None of the studies evaluating a topical treatment reported data on
VTE or ST recurrence.
Surgery
Three studies included a surgical treatment (Belcaro 1989; Belcaro
1999; Lozano 2003). One study compared surgery (saphenofemoral
disconnection) with LMWH (see Low molecular weight heparin and
unfractionated heparin section; Lozano 2003). The remaining two
studies compared surgery combined with elastic stockings with
elastic stockings alone (Belcaro 1989; Belcaro 1999).
One trial found that thrombectomy plus elastic stockings with or
without venoruton led to an improvement of the local clinical signs
and a greater reduction in the number of veins with ST compared
with elastic compression bandages alone (Belcaro 1989). There
were no cases of DVT in either group. One trial found that ligation of
the vein plus elastic stockings was associated with a non-significant
reduction in VTE events (RR 0.33, 95% CI 0.07 to 1.60) and ST
recurrence and extension (RR 0.46, 95% CI 0.18 to 1.15) relative to
the control treatment (Belcaro 1999).
Compared with elastic stockings alone, venous stripping plus
elastic stockings decreased the risk of ST extension and recurrence
(RR 0.09, 95% CI 0.01 to 0.64) and seemed to be associated with
a lower, non-significant, incidence of VTE (RR 0.37, 95% CI 0.08 to
1.78) (Belcaro 1999).
Other
Nine studies evaluated an oral (Archer 1977; Belcaro 1989;
Belcaro 1999; Koshkin 2001; Kuhlwein 1985; Messa 1997),
intramuscular (Andreozzi 1996), intravenous (Marshall 2001), or
non-pharmacological (Boehler 2014) treatment. Beyer-Westendorf
2017 compared oral rivaroxaban with fondaparinux and has been
presented above (see Fondaparinux section).

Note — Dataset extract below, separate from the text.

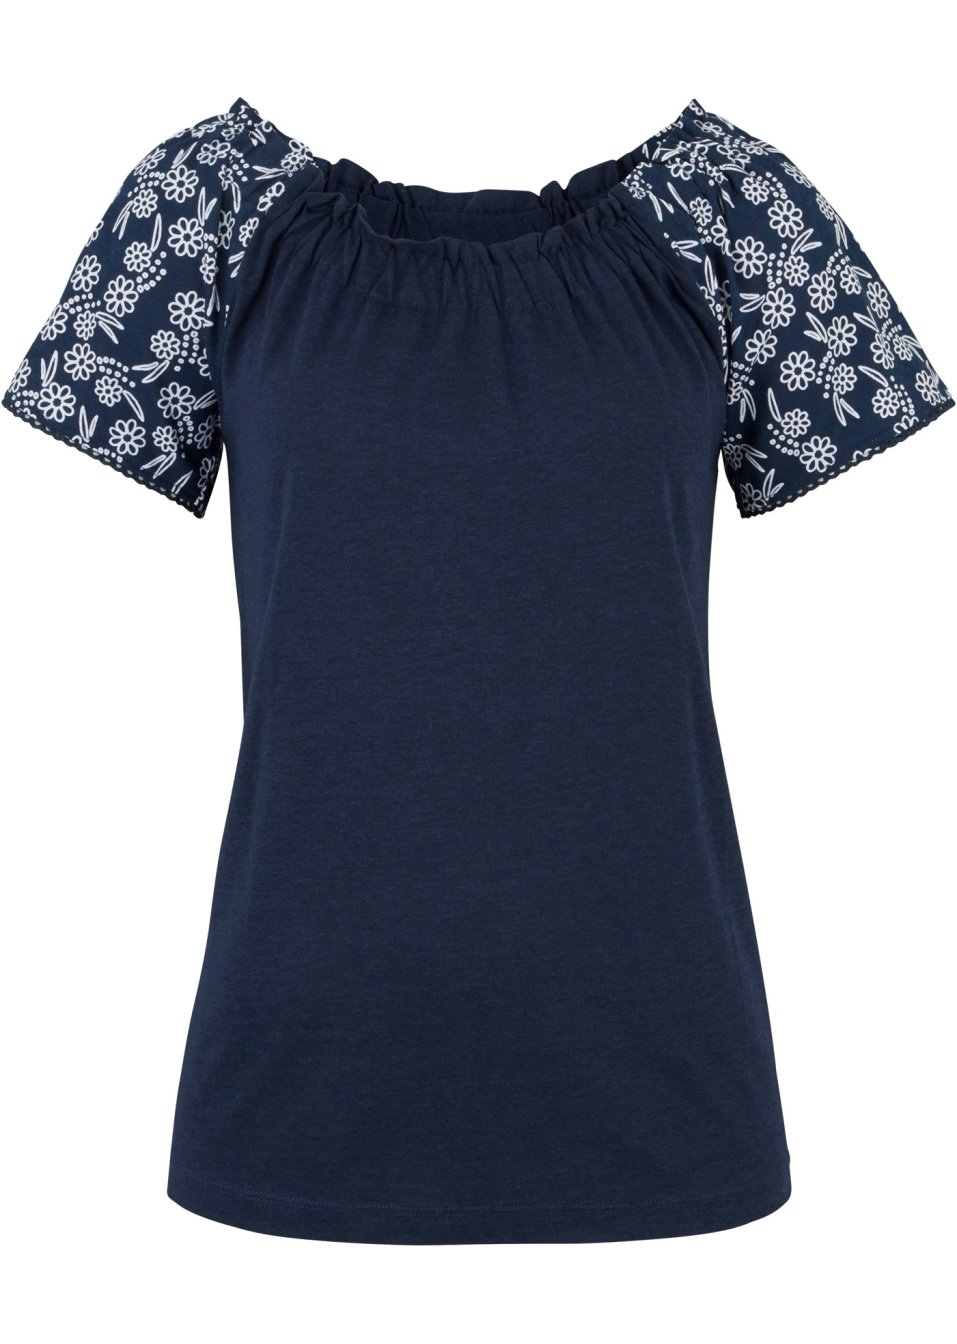 Carmenshirt bedruckt dunkelblau - Damen - bonprix.de Sla9a dxcYJ
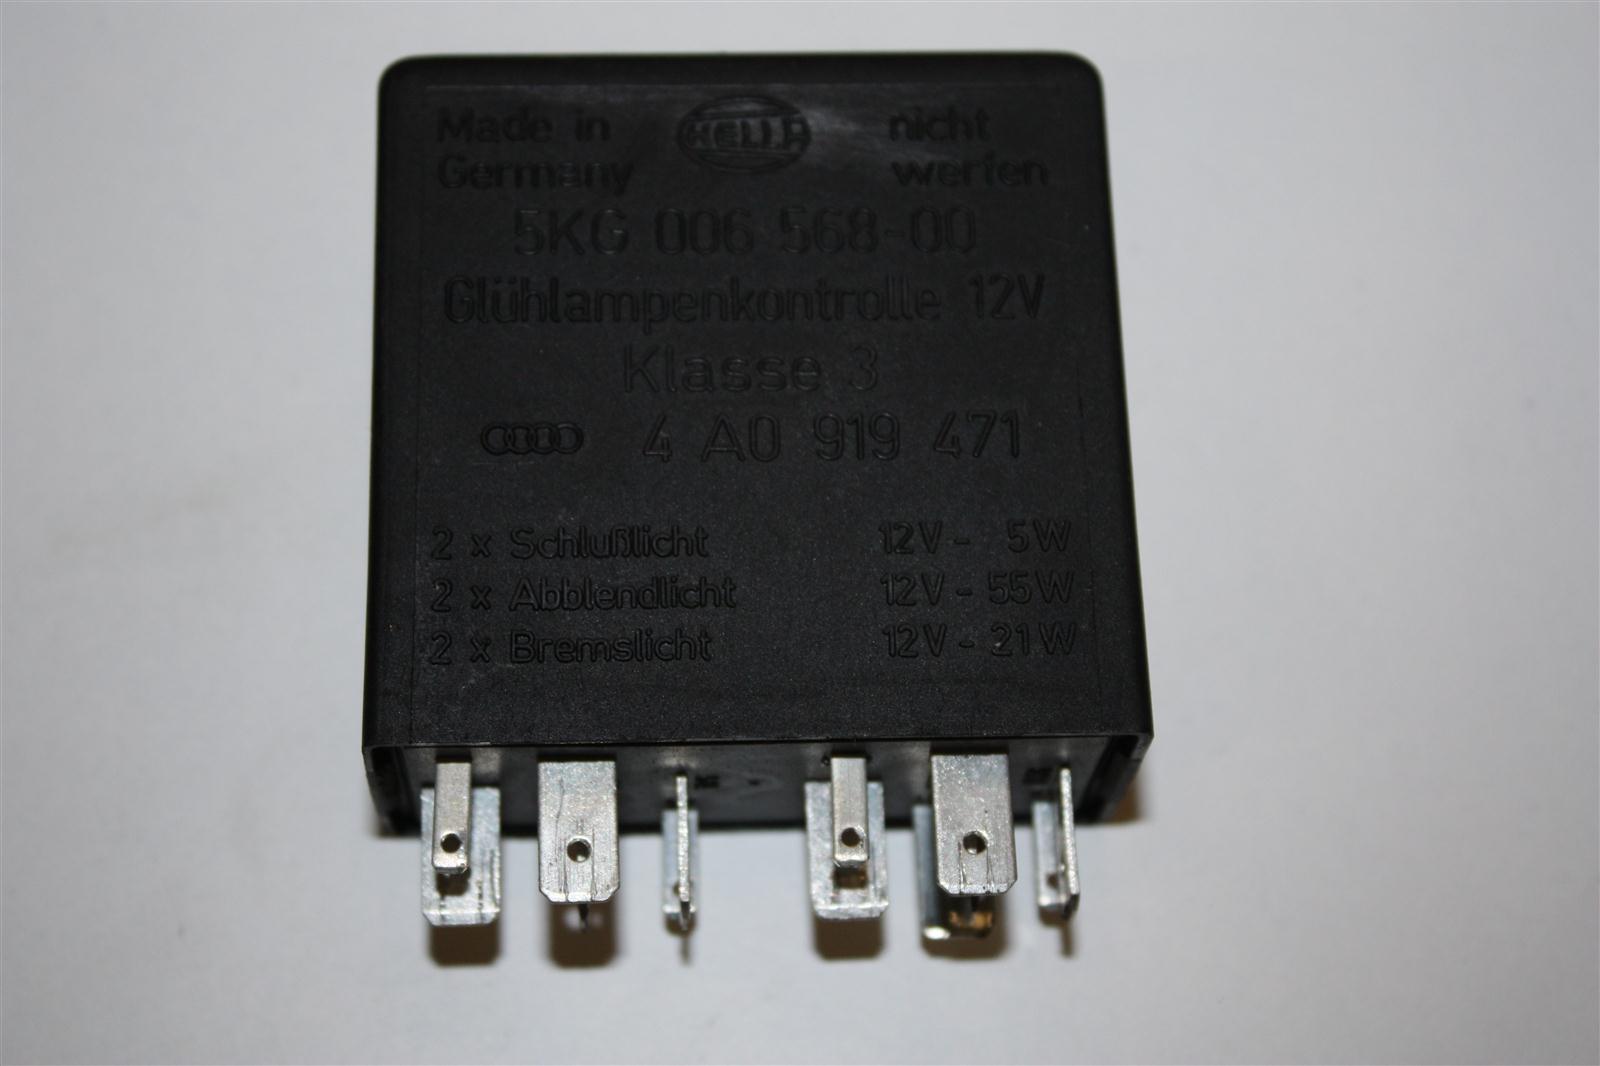 Audi/VW 100/A6 C4 Relais 301 Lampenkontrollgerät 4A0919471

Compared with placebo, oral vasotonin was associated with a
higher proportion of participants who were cured or improved
(Kuhlwein 1985). The criteria to determine the response to study
treatment were not described. Vasotonin seemed to be well
tolerated, with one case of poor tolerability among participants
treated with vasotonin (3%) versus five cases (13%) in the placebo
arm (RR 0.20, 95% CI 0.02 to 1.63).
The combination of venoruton, thrombectomy, and elastic
stockings versus elastic stockings alone has been discussed above
(see Low molecular weight heparin and unfractionated heparin
section; Belcaro 1989). In the same trial, venoruton combined
with elastic stockings led to an improvement of local symptoms
compared with elastic stockings alone.
One study evaluating oral heparansulphate versus oral sulodexide
suggested a greater decrease in local pain, itching, and redness
in participants receiving oral heparansulphate than in the group
receiving sulodexide (Messa 1997).
Compared with placebo, oxyphenbutazone reduced local
tenderness four-fold and halved the intensity of pain and erythema
(Archer 1977).
Treatment for superficial thrombophlebitis of the leg (Review)
Copyright © 2018 The Cochrane Collaboration. Published by John Wiley & Sons, Ltd.
Cochrane Database of Systematic Reviews
One study evaluated oral vitamin K antagonists in combination
with elastic stockings, which suggested a non-significant reduction
in VTE events (RR 0.08, 95% CI 0.00 to 1.47) and ST extension
or recurrence (RR 0.42, 95% CI 0.16 to 1.13) with vitamin K
antagonists plus elastic stockings compared with elastic stockings
alone (Belcaro 1999).
Two studies addressed the use of enzyme therapy versus placebo
(Koshkin 2001; Marshall 2001). Enzyme treatment seemed to
improve local symptoms although the criteria to evaluate the
response to study treatment were not reported.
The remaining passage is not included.